Tuesday, August 21, 2007

David Lehman

Feeling a little too lazy to write a proper post, so here are a couple of delightful poems by David Lehman instead - both taken from his 2005 collection When a Woman Loves a Man. Not the most sublime poems, perhaps, but delightful, truly delightful:

The Party of Ideas

Existentialism was there, smoking on the balcony.
Inside, Descartes' Cogito held a volume of Spinoza's Ethics
in one hand and a glass of port in the other as if the difference
between them were either self-evident or non-existent.
The dictatorship of the proletariat had made eye contact
with the theory of infantile sexuality. Cardinal Newman
(The Idea of a University) chatted amiably if a bit stuffily with
the Sublime, who kept looking over his shoulder in the approved
manner of New Yorkers at parties on the lookout for someone
more important than the person they are speaking to,
only this was the party of ideas, where the idea of a republic, a democracy,
and the idea of the self-determination of nations could mingle
at the end of the day, satisfied. The idea that history repeats
itself was there. The idea that history repeats itself was there.
Logical Positivism was there, a kindly old pipe-smoking don who
asked to his rooms for sherry and said he was cautiously optimistic.
The buzz in the room was that the first refuge of the scoundrel
had begun an affair with the last infirmity of the noble mind,
which explained why neither of them was present. Art for
art's sake was there, nursing a vodka gimlet. It was clear
from a look at Utopia's face that she'd had one brandy Alexander
too many, but British empiricism looked none the worse for wear.
Everyone said so, especially American pragmatism, savoring
a new wrinkle. The Noble Savage tended bar.
The Categorical Imperative wouldn't take no for an answer.
I thought of "The Idea of Order at Key West" and took a leap of faith
opening a door hoping it led to the men's room.

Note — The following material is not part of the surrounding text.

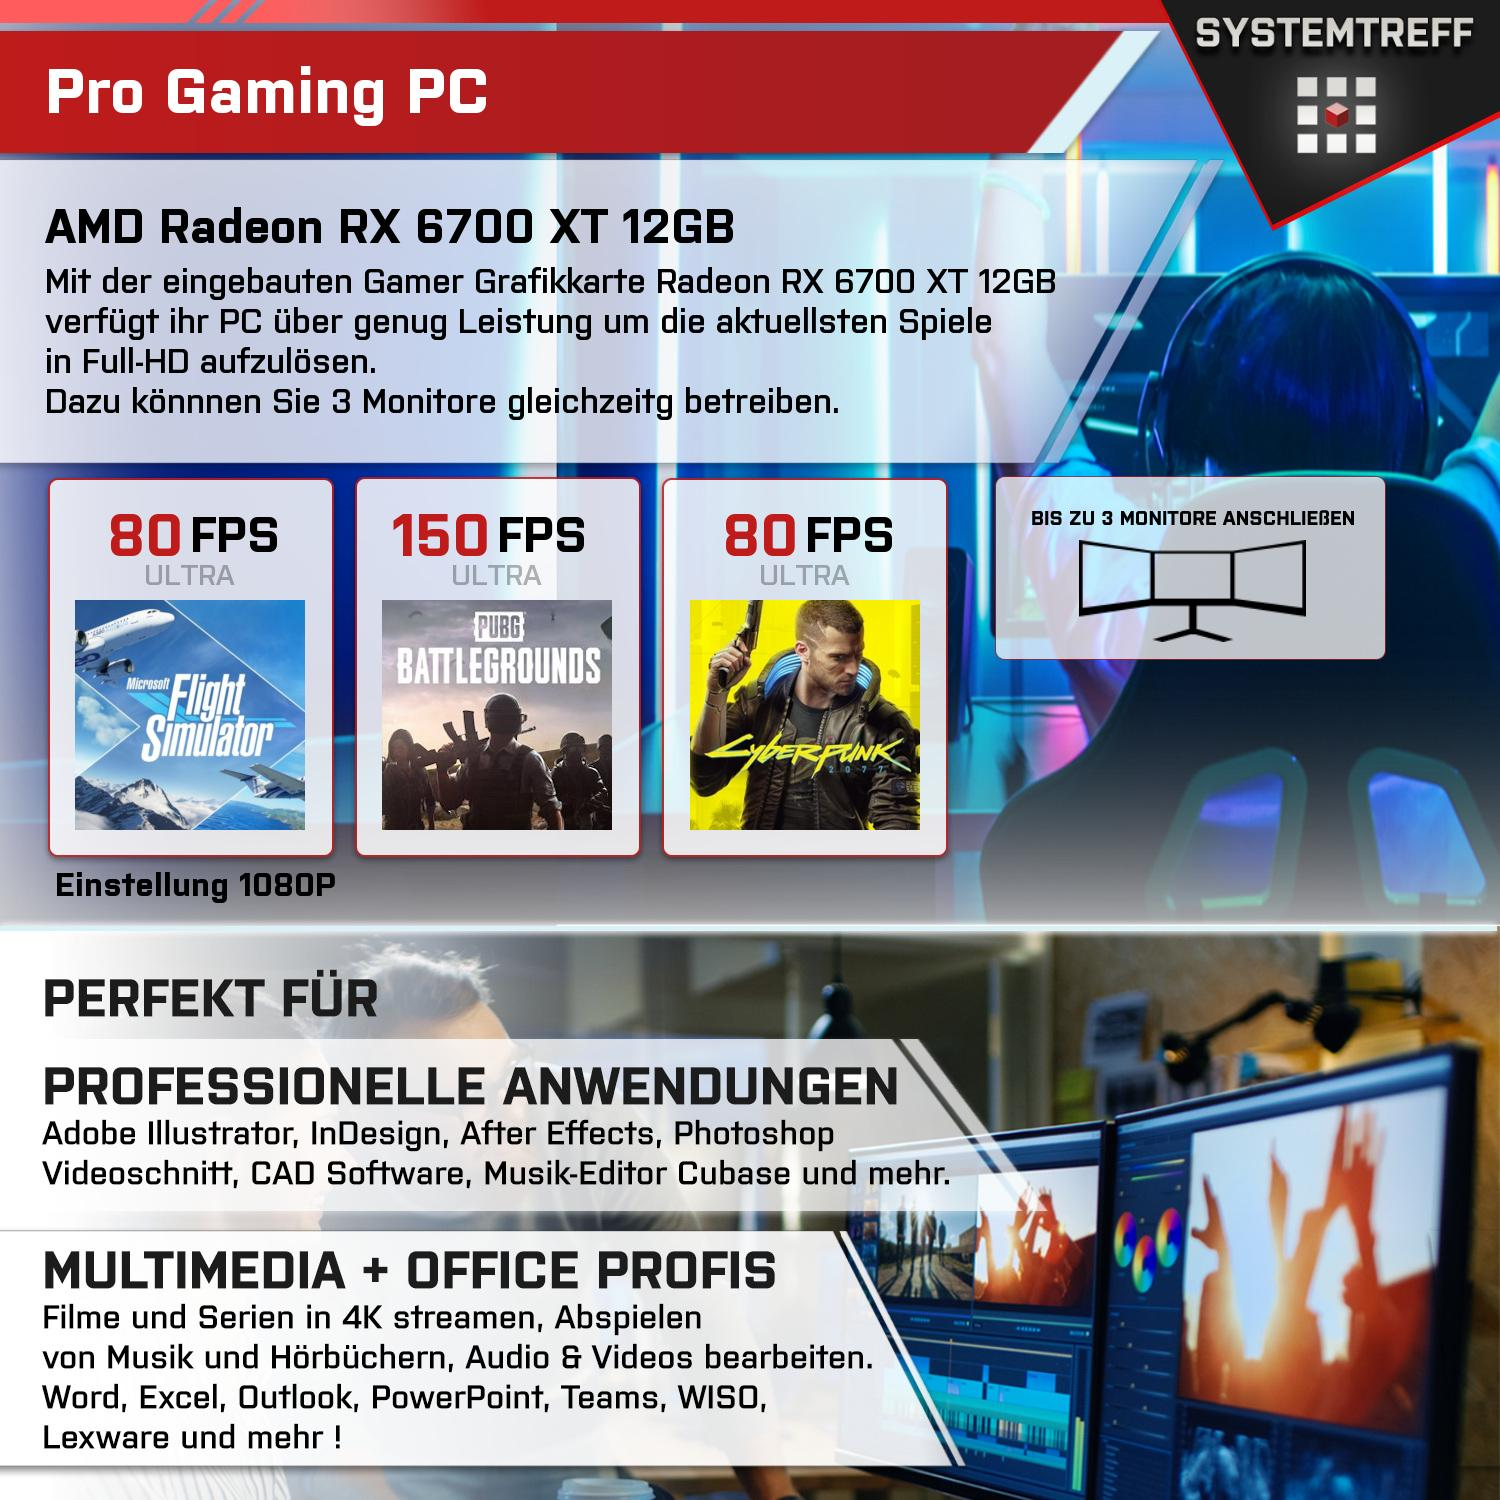 SYSTEMTREFF Gaming Komplett XT GB Core 12 i9-11900K, mSSD, Radeon 1000 12GB PC GB GDDR6, Komplett 32 RX 6700 mit AMD GB RAM, Intel Prozessor, i9-11900K
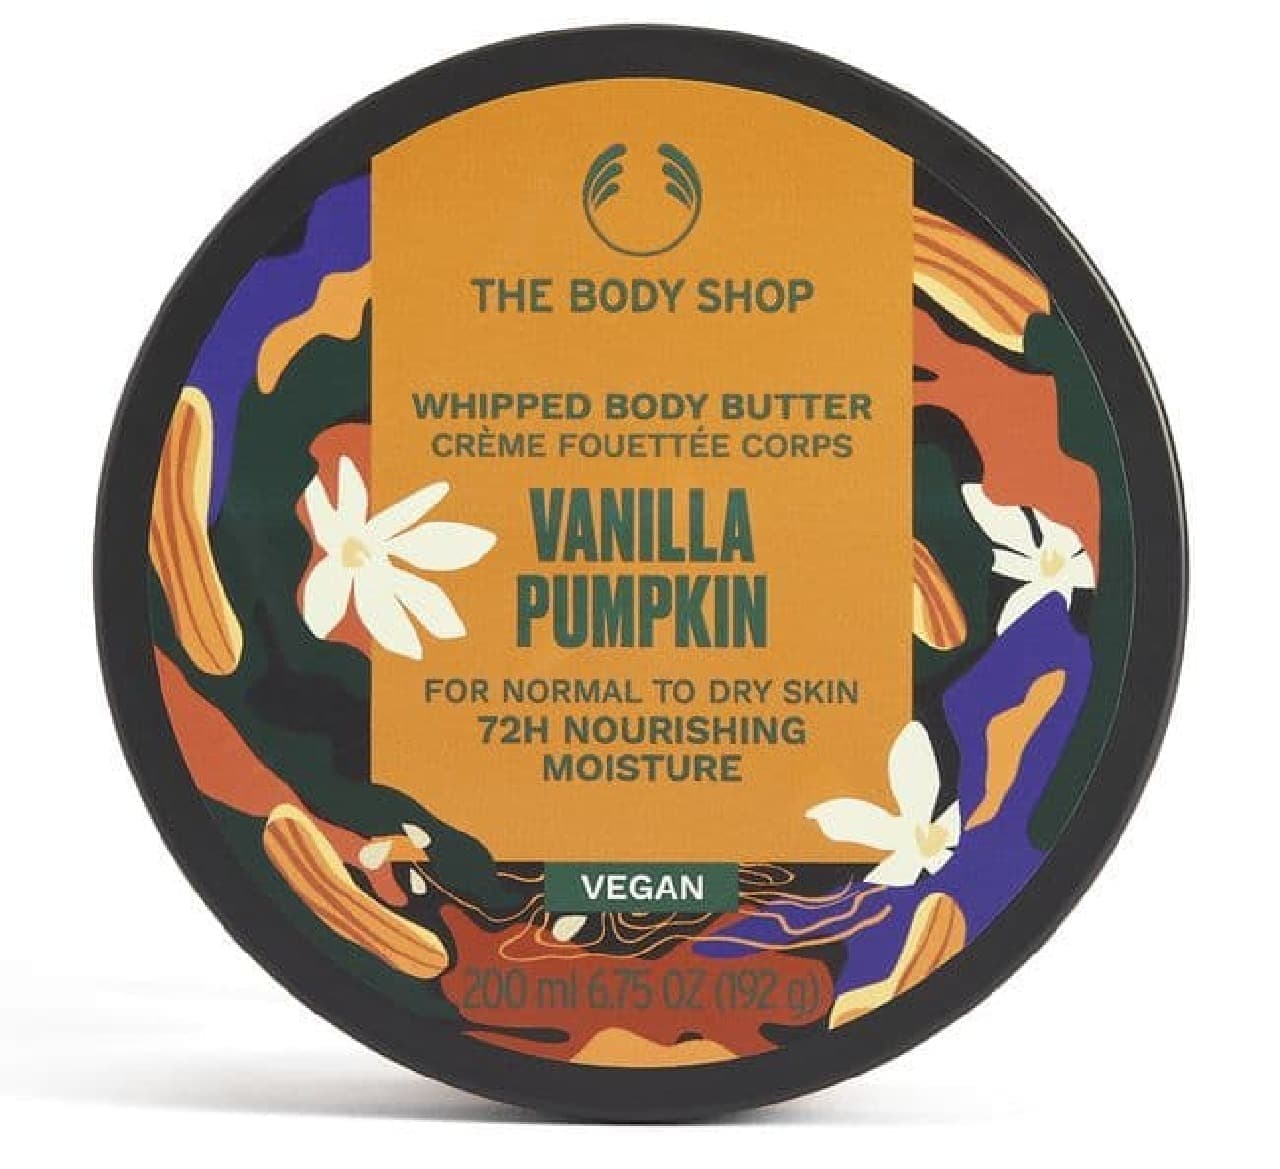 The Body Shop "Whipped Body Butter Vanilla Pumpkin"

Wystan Hugh Auden: A Villanelle

Why shun a nude tag?
Why stun a huge hand?
Hug a shady wet nun.

Why stand a huge Hun?
Why gash a dune nut?
Why shun a nude tag?

Guy hands u new hat,
Haw, the Sunday gun.
Hug a shady wet nun.

Why aghast, unnude?
What a gash untuned?
Why shun a nude tag?

Ashen guy dun what?
Why? Nag a shut nude.
Hug a shady wet nun.

Why daunt a snug he?
Why dun a gaunt she?
Why shade a nude tag?
Hug a shady wet nun.

4 comments:

Tabula Rasa said...

Why shun a nude tag?

Ass-burger.

Anonymous said...

the 3rd line in the final quatrain: shouldn't that be -
Why shun a nude tag?

this villanelle does not follow the same conventional structures of its rhyme sequence, does it? So, does this constitue one? Or is it just that villanelles have evolved to not consider the rhyme sequence (and form its own)?

Anonymous said...

Hug a shady wet nun.

There's a Pablo Neruda poem with a line about a nun, running with a sexy knife...

For some reason, Lehman's poetry (even though its so different) reminds me of that image. Just as startling perhaps.

Break a leg with the dissertation.

Anita

Anonymous said...

In case anyone's wondering, each line just reworks the letters comprising Auden's full name.